On the other hand, language features can create a lot of complexity, if not done really well. I'm reading the Scala mailing list, and I remember discussions of the sort "is this code legal Scala? and if it is, what does it mean?" (usually from a type system point of view), and if I remember correctly the language designers weren't quite sure about it either. This is exactly what you don't want in a language: unclarity or ambiguity of expressions, unexpected "side effects" of expressions.

Quite a lot of Ruby/Rails code one happens to see is clever in very interesting ways. But I really see that cleverness as a problem: who will understand the tricks that made the code a bit shorter in five years? Probably someone, but it might take him a long time to do so. Already now it's sometimes quite difficult to find documentation on a particular library method/class in Ruby, as the documentation system is apparently not up to handle the language's module inclusion features.

At what point do all these clever tricks sum up to something that is no longer understandable? Are we really sure that the modularization works out good enough that we don't have to be afraid of all ending up as a large meta-closure-soup? ;-)
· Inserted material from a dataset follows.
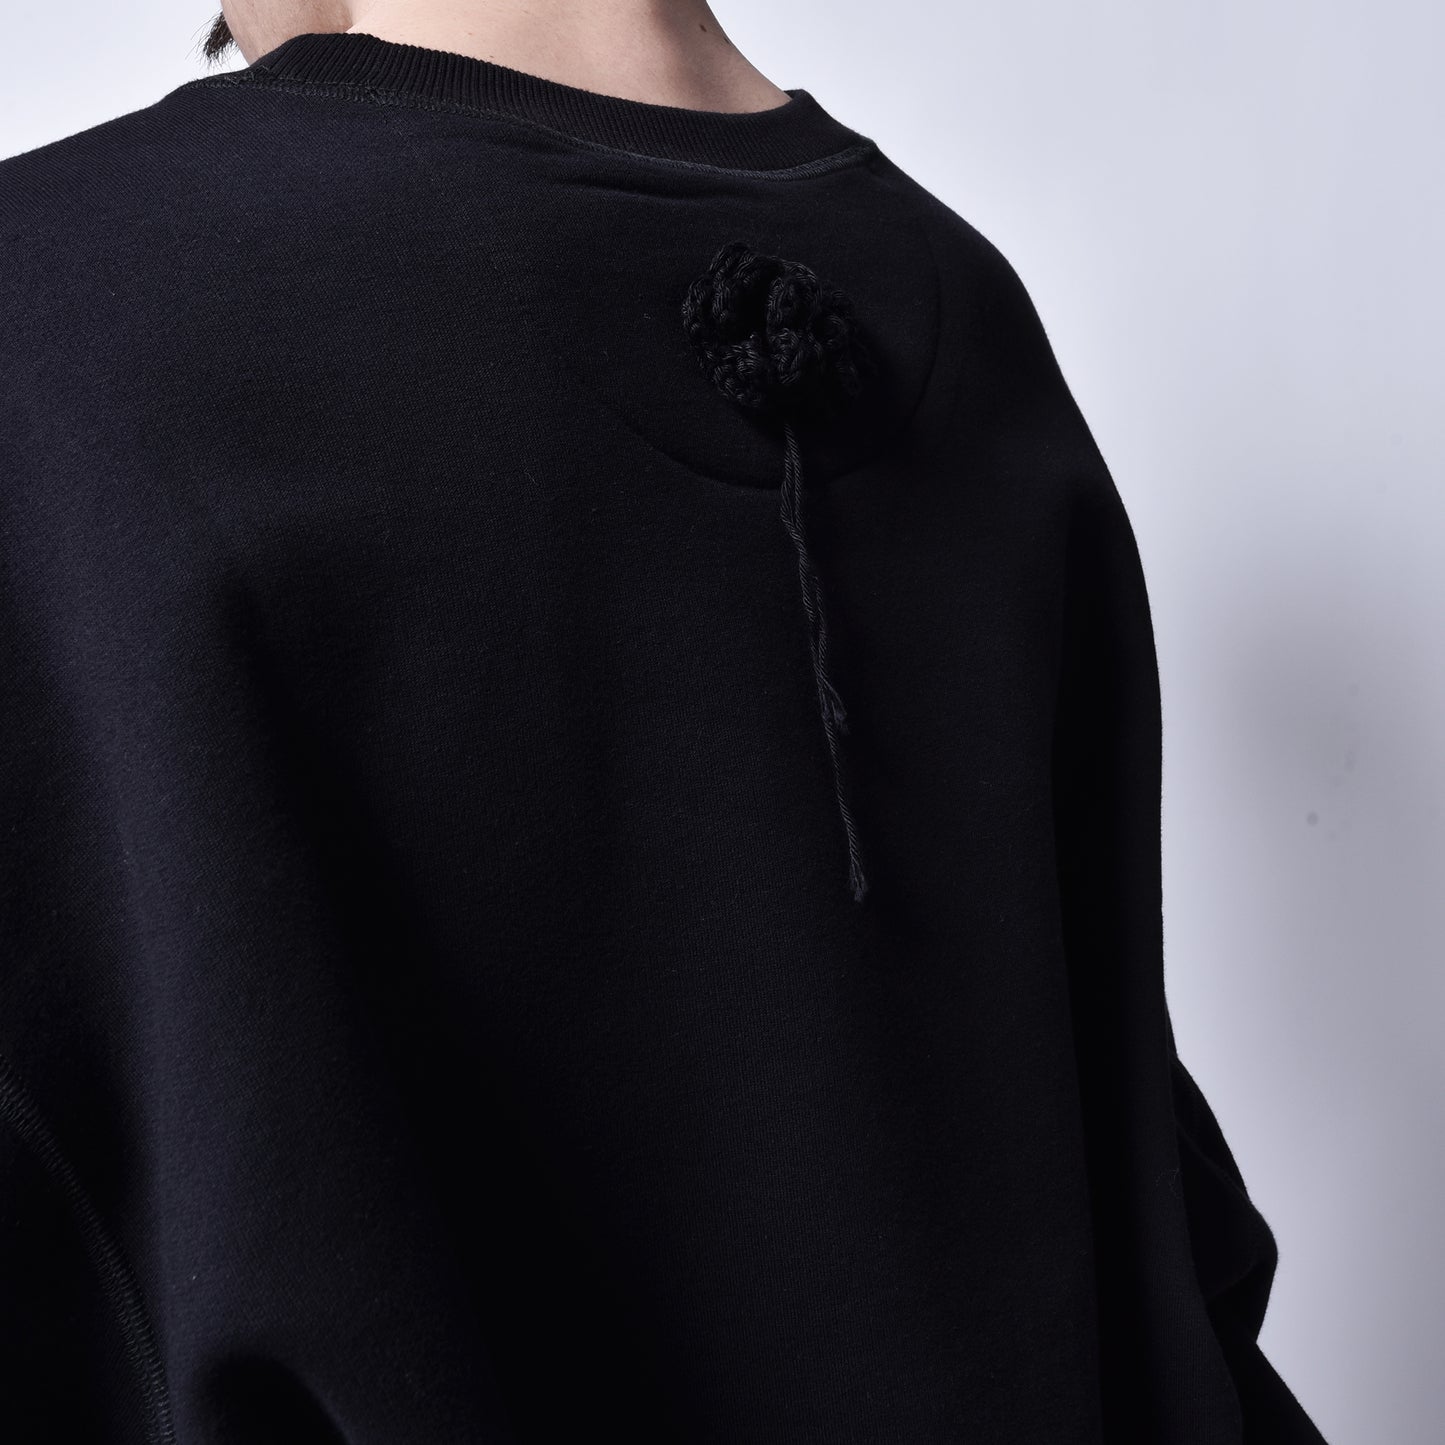 OLOAPITREPS / Embroidery batwing flower sweatshirt BK

Don't get me wrong: I like dynamic languages for a lot of features. I'm just weary of some of the effects. Pushing accidental complexity out of the application and into the programming language (now as feature complexity) should normally be a good thing: it sounds reasonable that this should reduce overall complexity, and give programmers a broader understanding of what's happening. We need a good modularity system and proper abstractions to have a real positive effect from this - and I'm not sure I see this in e.g. Ruby.